Sabemos que no es necesaria en ambientes al aire libre, bien ventilados y con baja densidad de población, pero somos plenamente conscientes que es una barrera física necesaria para proteger nuestras mucosas en situaciones no óptimas de hacinamiento o sin garantías para mantener una distancia suficiente de seguridad interpersonal.

Conocedores en momentos de pico pandémico de su precariedad y necesidad, hemos llegado incluso, de manera altruista, a sentir y a tener la necesidad de fabricarlas y distribuirlas para que universalmente, como colectivo, dispusiésemos de ellas, siendo conscientes que las mascarillas debidamente reguladas y normalizadas debían distribuirse prioritariamente a nuestro personal sanitario.

Y somos conscientes que la correcta colocación y ajuste de la mascarilla facial es determinante para garantizar su cometido. Y sabemos también que portar una mascarilla contribuye a reducir determinadas tendencias (arriesgadas en el ambiente epidémico) como tocamientos involuntarios de cara y mucosas, y que la visualización de otras personas con mascarilla nos recuerda inconsciente y constantemente nuestro compromiso social ante la necesidad de mantener la distancia prudencial.

Por esto la mascarilla forma ahora parte de nosotros mismos.  E inimaginablemente hace escasos meses, hemos llegado a conocer y a diferenciar diferentes tipos de mascarillas. Unas, higiénicas, destinadas a la población sana para protegerse del impacto de las microgotas potencialmente transportadoras de virus. Otras, quirúrgicas, diseñadas especialmente para filtrar el aire exhalado, protegiendo a quienes están alrededor y destinadas a enfermos sintomáticos y a personas asintomáticas pero seropositivas para COVID-19. Y otras mascarillas, incluidas como equipamiento de protección individual (EPI) y de cuyo nombre ya nos estamos familiarizando (mascarillas FFP2 y FPP3), con una eficacia de filtración del 92 % y del 98% respectivamente, que se destinan a situaciones de riesgo alto y muy alto como la de los profesionales sanitarios en contacto, atención y cuidado de personas sintomáticas y con enfermedad establecida.

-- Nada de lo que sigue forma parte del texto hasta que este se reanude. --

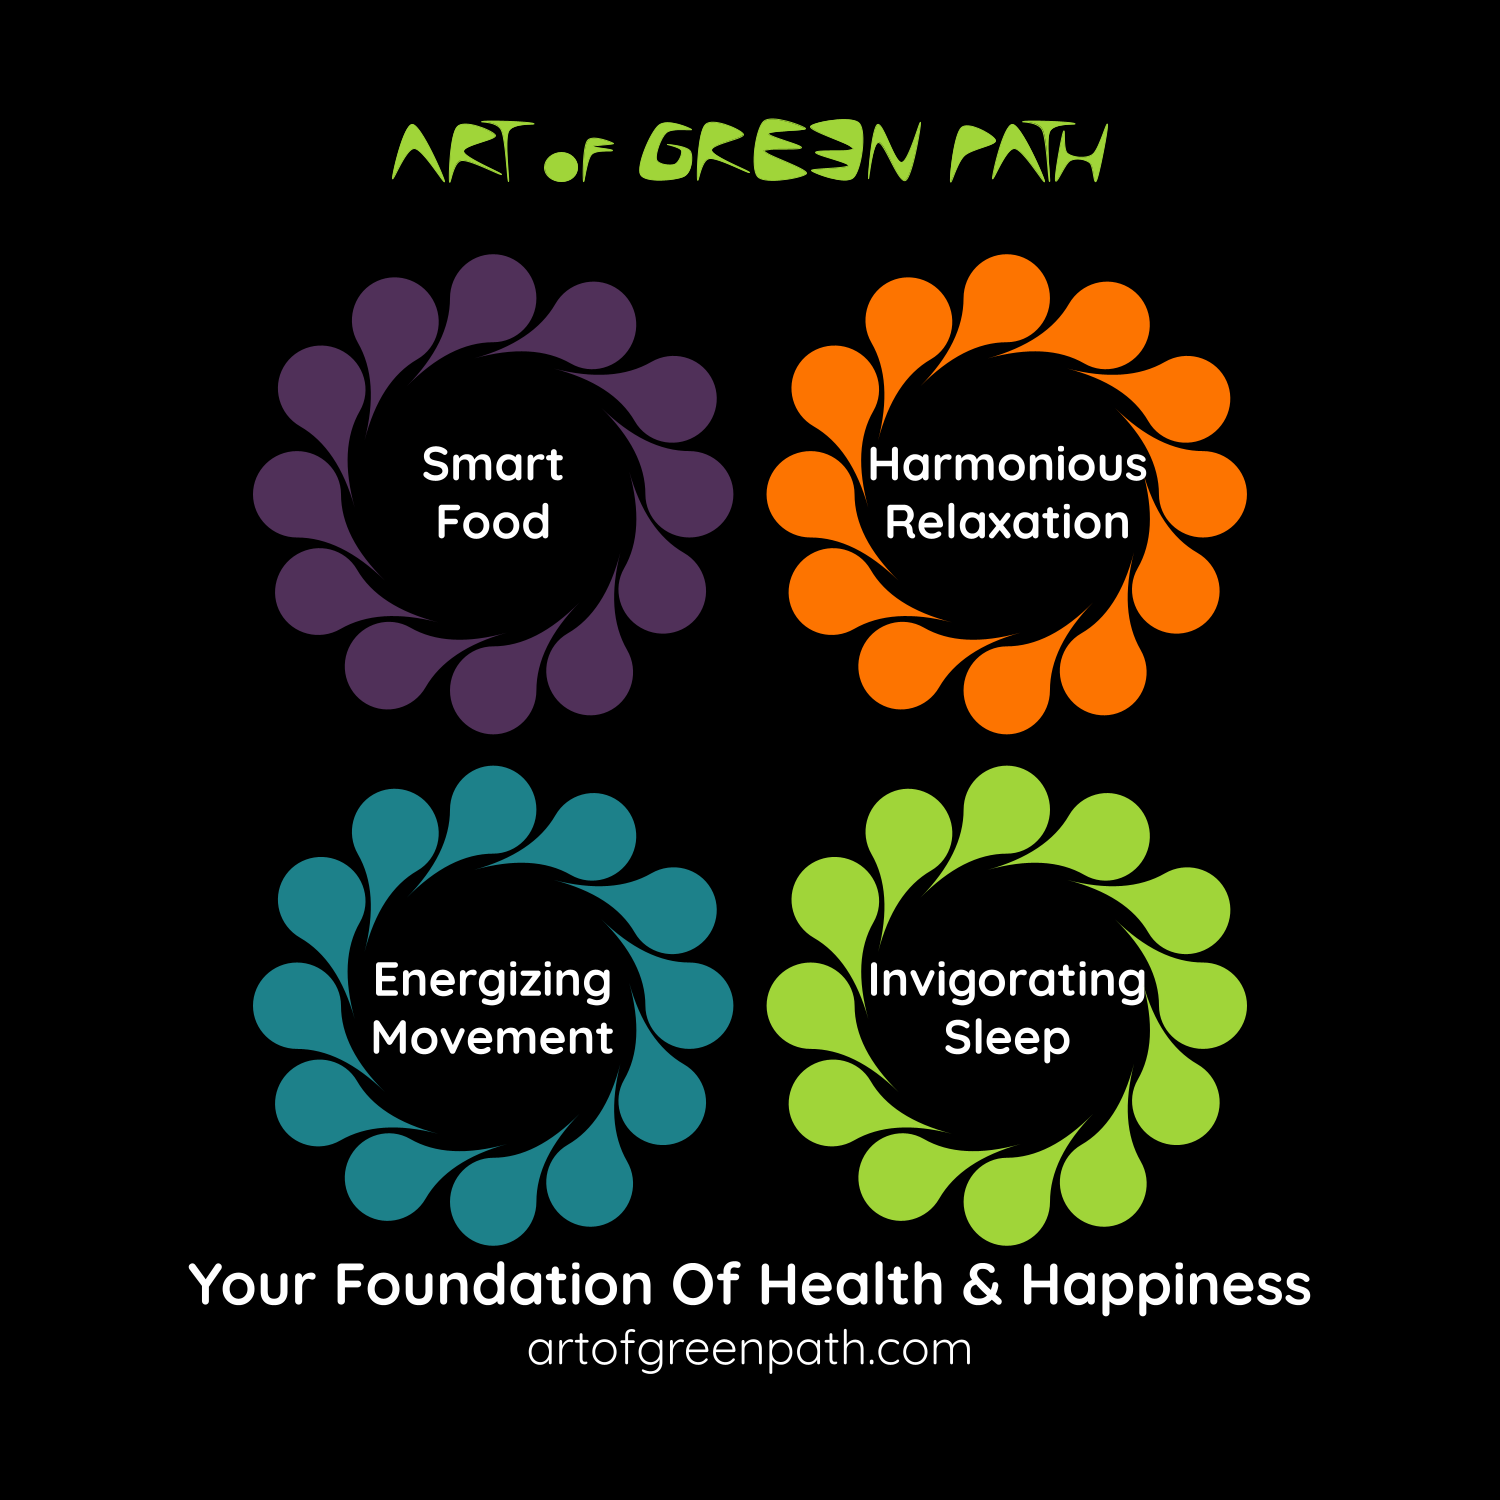 Art Of Green Path - Your Foundation Of Health & Happiness

Nos encontramos actualmente en la denominada “fase de desescalada” y acaba de entrar en vigor la medida del “uso obligatorio de mascarillas en espacios públicos”.
Hasta que las autoridades sanitarias no indiquen lo contrario, salvo los menores de 6 años, todos deberemos utilizar la mascarilla facial en espacios públicos, cerrados o abiertos, siempre que no se puedan garantizar los 2 metros de distancia de seguridad.

Conocemos las ventajas individuales y colectivas del uso de las mascarillas. Sensatamente, somos también conscientes de la importancia de la distancia social y, ante situaciones de riesgo, sabemos que la mascarilla por si sola es insuficiente y que necesitamos medidas de protección adicionales, nunca olvidando la limpieza, la higiene y la desinfección como elemento primordial en la prevención del contagio.